The first guard chuckled, "Soon we will have a dead monster on our hands", and the other chortled back, "Bloody Stark's. Kill them all, I say. Her father was a traitor, her mother a whore and they have a clan on pompous brats; a bastard, Outsider and cripple among them.

"Aye, send them to their graves", the first nodded in agreement.

They were nearly out of the dungeons, and were a floor or two above the vilest of criminals. They felt safe. Yet that safety was all but fleeting, as soon after, a low growl sliced through the air. Instantaneously, they turned their heads to face a dog behind a cage. No, it wasn't a dog – it was a Direwolf. Though its large form was caged and its mouth muzzled, its fiery red coat billowed like fire in the cell.

The Direwolf sniffed at the body, and resumed growling shortly after. The guards were keen to hurry passed, however, a lump of flesh and blood obscured the barren corridor just a few steps before them. They placed the body on the ground by the cell of the wolf, and hesitantly leaned toward it. Both were so frightened they jumped back in fright before they got a chance to see the fat lump on the floor.

Finally, one guard asked the question Lyra had been waiting for: "Why did she keep the boy alive?"

They looked at the body and at the lump before them. They drew their swords, and readied themselves to attack the fat lump should it attack, should it end up being the Monster.

They took a step closer and gasped in shock. The lump was merely an overweight boy, hacked to death by a knife and what looked to be a thin object. The boy had a head, but no face – the face had been cut off and the remnant was bloodied and bony, veins and tendons shooting out in each and every direction.

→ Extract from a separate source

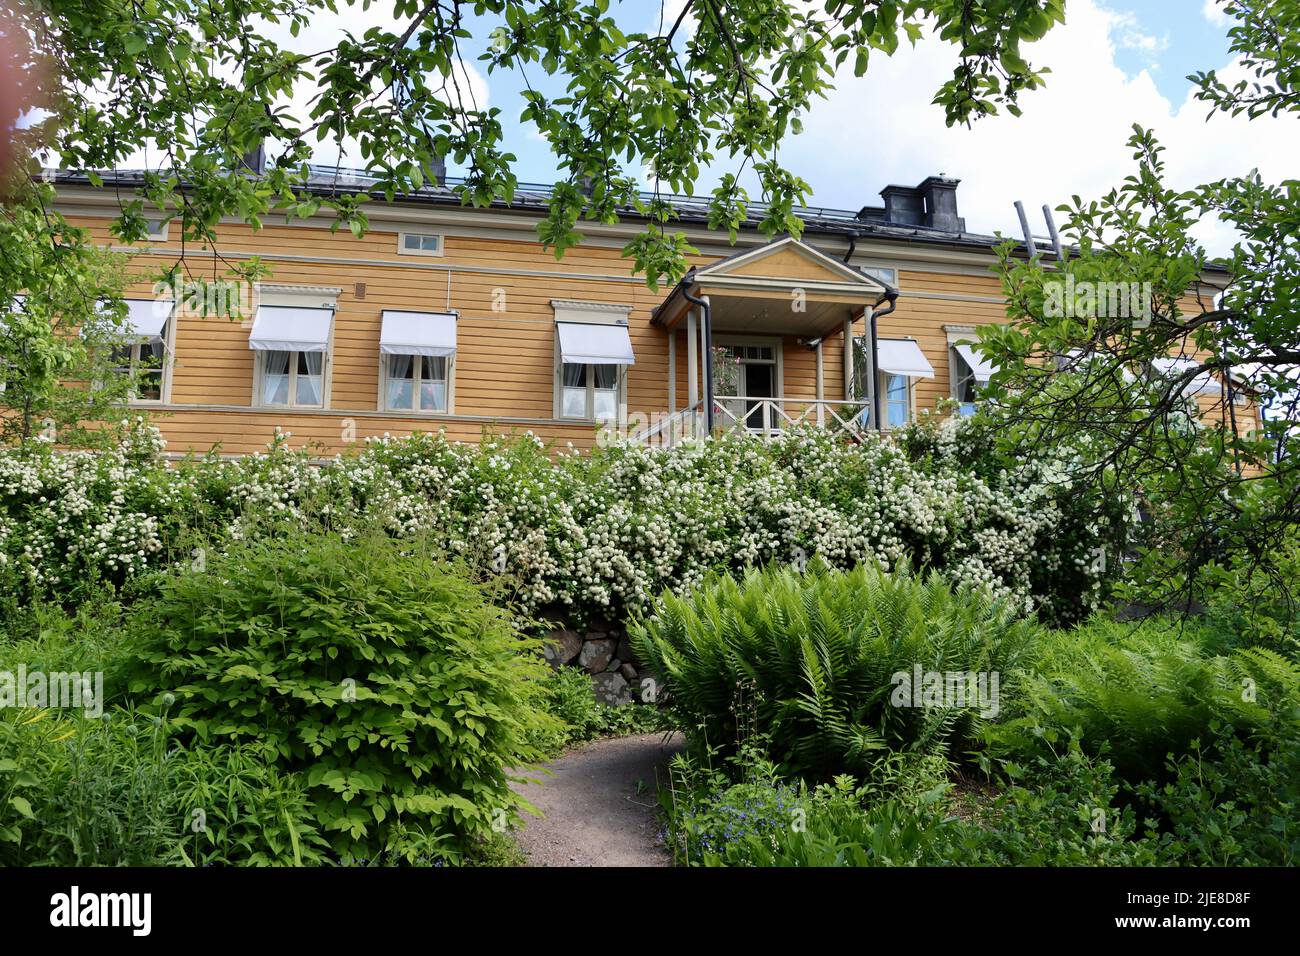 National poet Johan Ludvig Runeberg's home and garden in Porvoo, Finland Stock Photo

Suddenly it clicked for the smaller man; it was the nail, left in a pool of blood, in the dungeon that held the Monster. Then the reality swam up to meet him – the corpse was the boy.

Who then was the body they had been carrying out of the dungeons?

As the guards looked in shock at the corpse, the body began to rise behind them. Pulling off the bloodied mess of a face, the Monster made herself known.

"There is no such thing as mercy!" she whispered, and before they got the chance to turn to see their undoing, she had knifed them both in the back.